Trans metalated olefins (IIIB) add to 17-keto steroids (1) better than the corresponding cis isomers (IIIA) to produce 16-unsubstituted pregnanes (5) which can be readily converted by methods well known to those skilled in the art to useful 16-substituted corticoids. The metalated olefins (IIIA and IIIB) are prepared from the corresponding olefin (IIA and IIB). It therefore is important to be able to prepare the olefin (II) with a very high trans to cis ratio. The known methods for producing the olefins (II) produce mixtures with a very low trans to cis ratio, just the opposite of what is desired for the synthesis of the 16-unsubstituted pregnanes. The present invention solves this problem by producing the olefin (II) with a trans to cis ratio of greater than 70:30.
J. F. Arens et al. in Rec. trav. chim. 77, 753 (1958) disclose a process to convert chloroacetaldehyde diethylacetal to 1-chloro-2-ethoxyethene by heating with acid catalysts. On page 755 the authors indicate that "The product consisted for the greater part of the cis-isomer." The present invention surprisingly and unexpectedly produces a trans cis ratio of greater than 70:30.
J. F. Arens also reported in Rec. trav. chim. 74, 271 (1955) dehydrohalogenating 1,2-dichloro-2-ethoxyethane to give 1-chloro-2-ethoxyethene. On page 274 Arens indicates that the product contained ". . . about 75% of the cis isomer and 25% of the lower boiling trans isomer."
S. Hunig and M. Kiessel in Chem. Ber. 91, 380 (1958) reported transforming 1,2-dichloro-2-ethoxyethane to 1-chloro-2-ethoxyethene by use of a tertiary amine and heat. Under the various reaction conditions reported the reaction produced predominantly the cis isomer.

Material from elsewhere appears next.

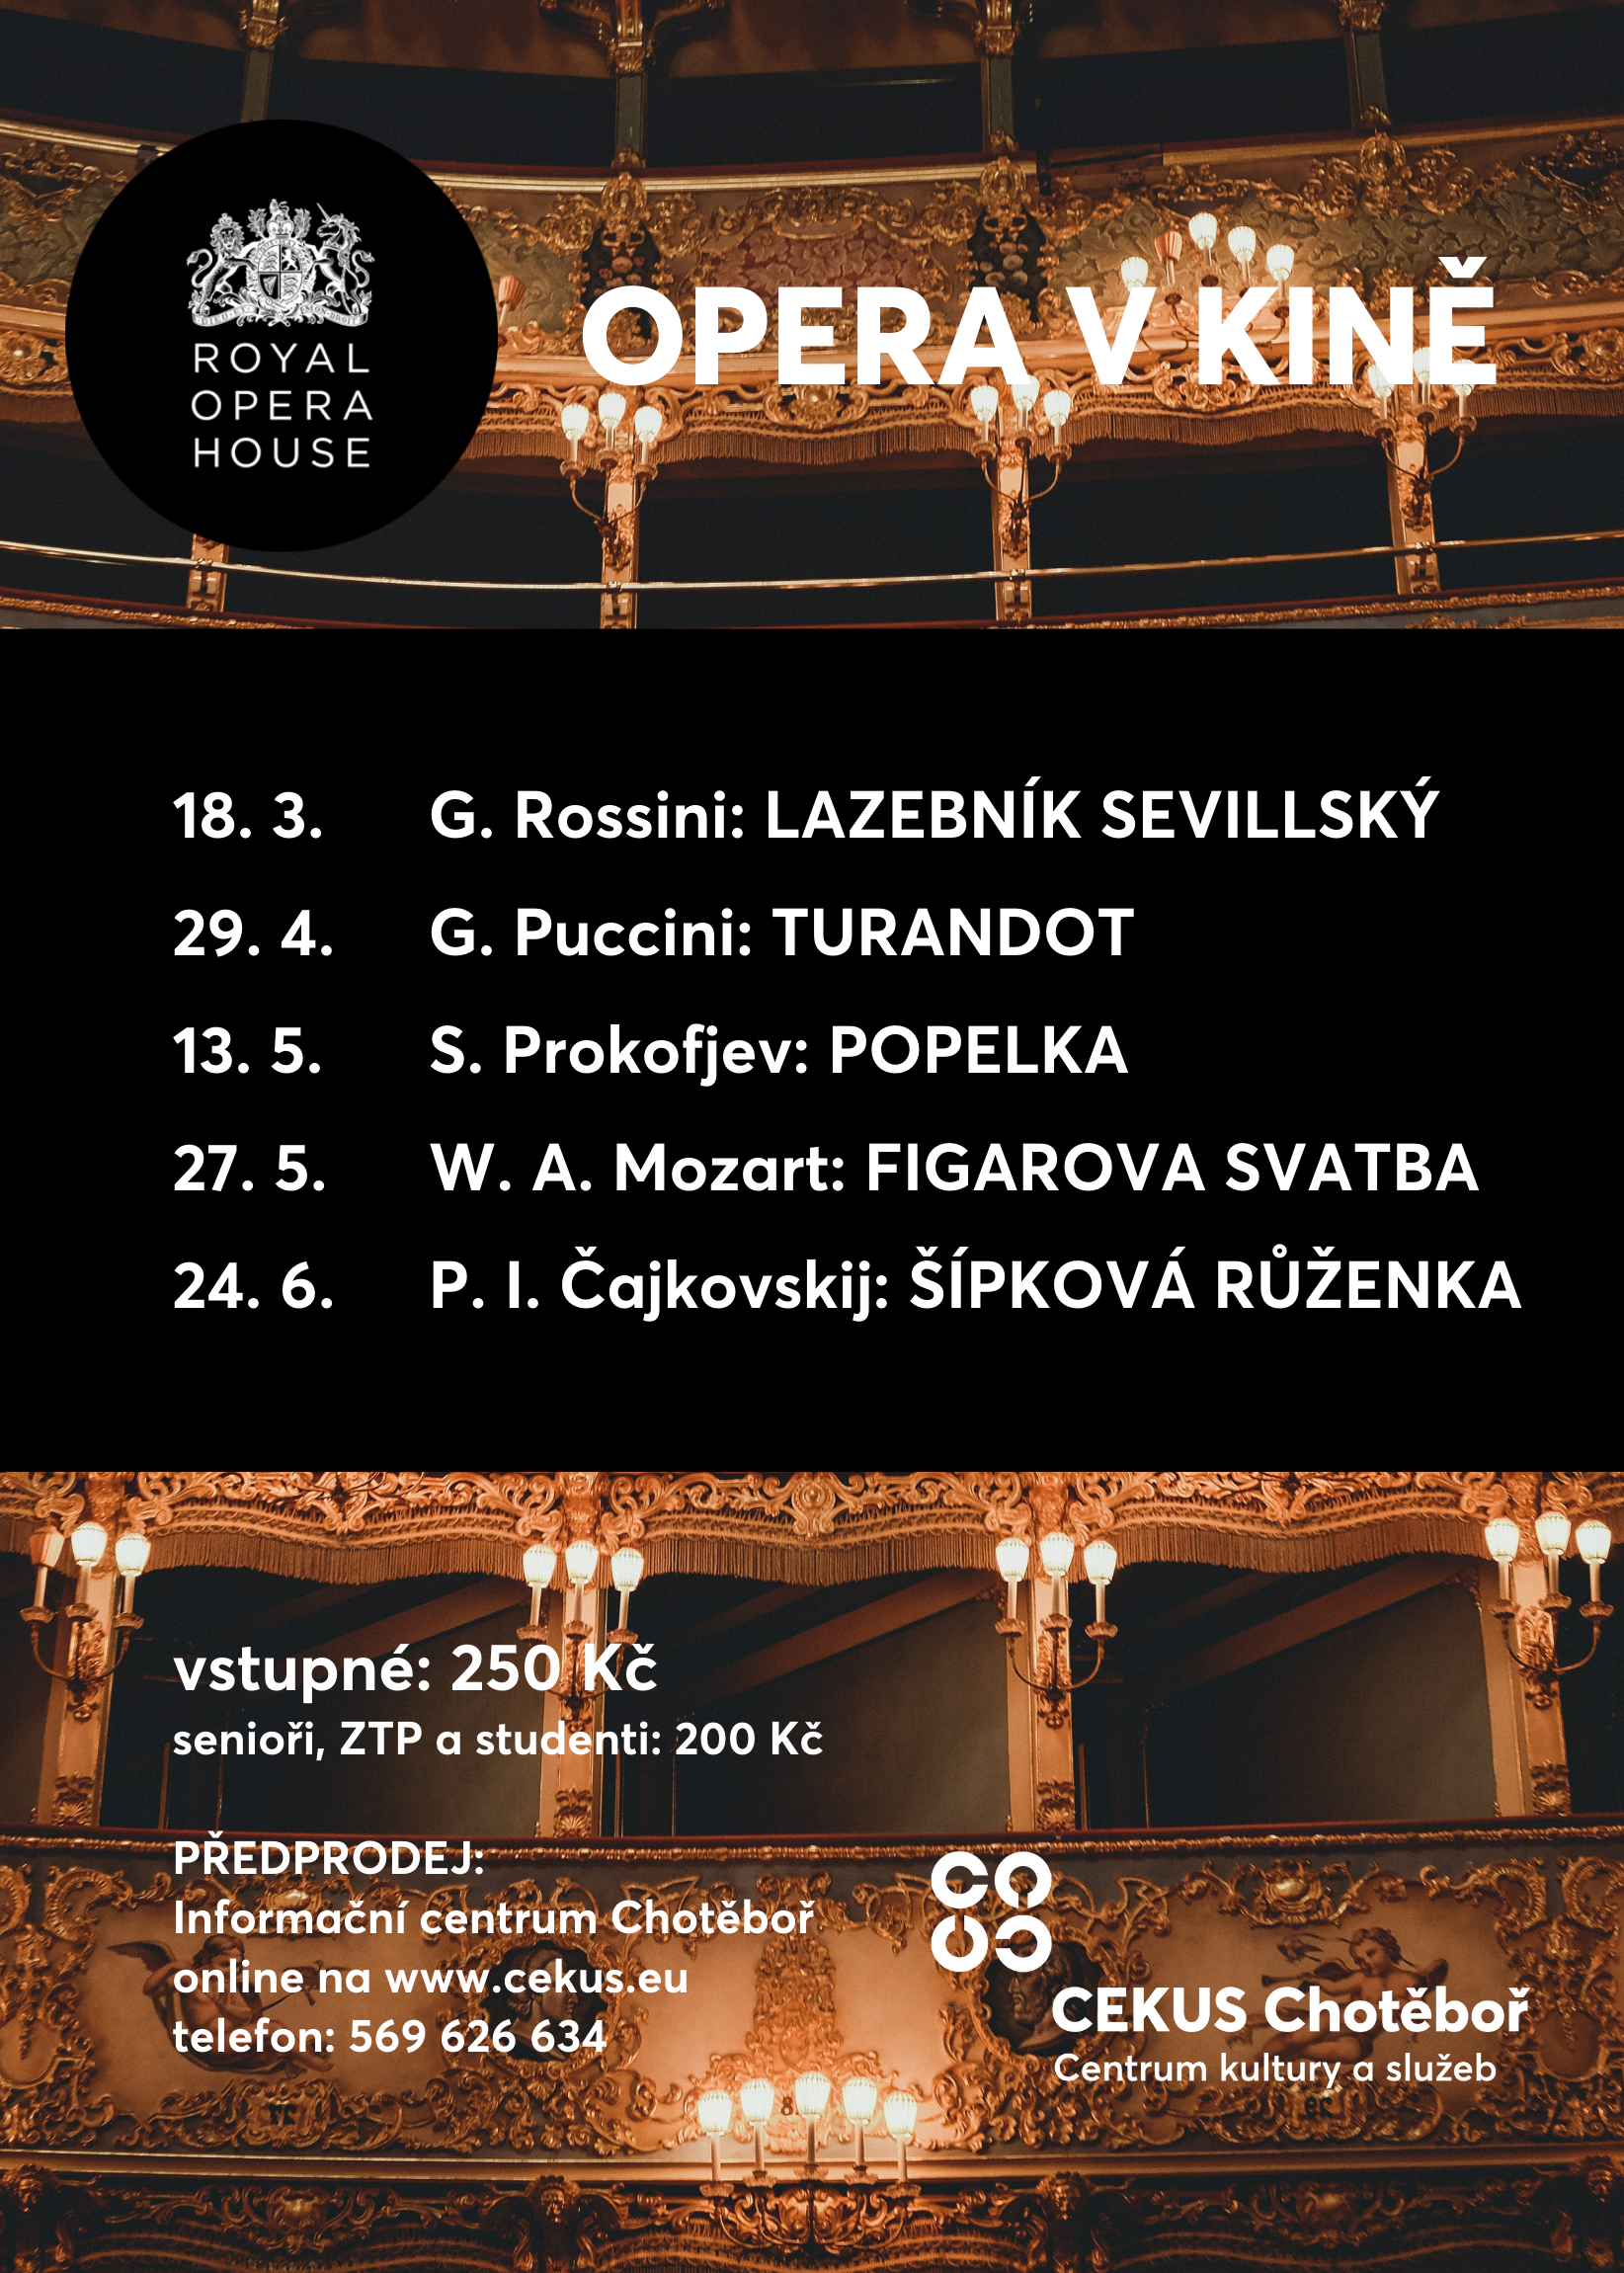 Opera-balet-v-kine-5
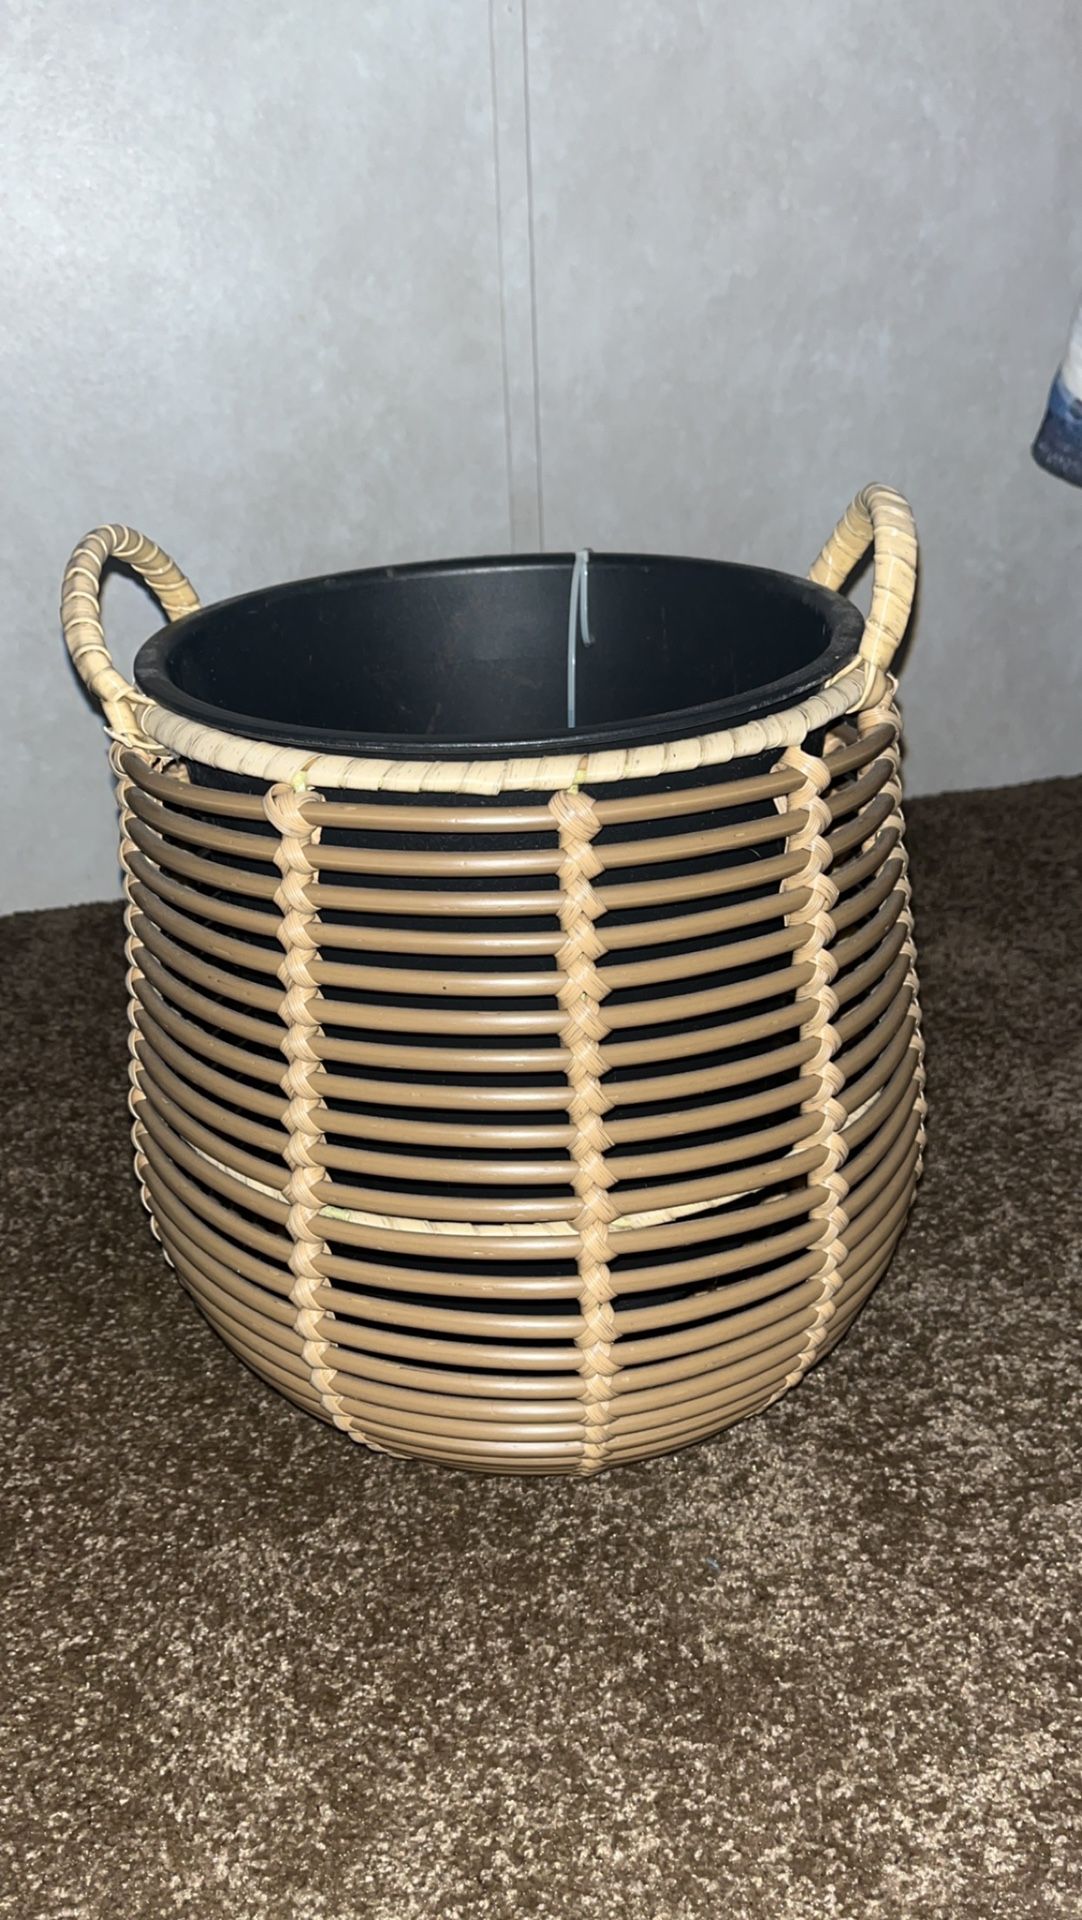 Wicker Plant Basket

German Offen. 2,210,010 reports the reaction of 1,1-dichloro-2-methoxyethane with methoxide to give 1-chloro-2-methoxyethene. The cis isomer was produced (54%) to a greater extent than the trans isomer (46%).
D. A. VanDrop et al. reported in Rec. trav. chim. 70, 289 (1951) the conversion of dichloroacetaldehyde diethylacetal to 1-chloro-2-ethoxyethene by use of activated zinc dust. The authors report (page 293), "The yield of the cis-isomer is found to be 4-5 times as great as that of the trans-isomer, . . . ".
M. Farina et al. reported in Rend. 1st Lombardo Sci. Pt. 1 Classe Sci. Mat. e Nat. 94A, 600 (1960) that the transformation of 1,2-dichloro-2-i-butoxyethane to 1-chloro-2-i-butoxyethene with a tertiary amine and hydrochloric acid gave a product which contained 75-90% of the cis isomer.
All of the above articles indicate that the trans isomer is produced to a much less extent than the cis isomer. These were empirical findings and the possible mechanistic reasons were not reported. However, in 1976 E. Taskinen and E. Sainio in Tetrahedron 32, 593 (1976) reported that based on thermodynamic calculations the cis isomer should predominate due to its lower enthalpy.
Therefore, based on both theoretical considerations as well as previous experiments reported in the chemical literature one skilled in the art would expect to have a trans to cis ratio much less than 50:50. However, the present invention (process) surprisingly and unexpectedly produces 1-chloro-2-alkoxyethene (II) with a trans cis ratio of greater than 70:30.
The only other method known to produce a mixture of 1-chloro-2-alkoxyethene (II) which is enriched in the trans isomer to greater than a 70:30 ratio is an indirect one, namely, production of the cis trans mixture by old methods and then fractional distillation.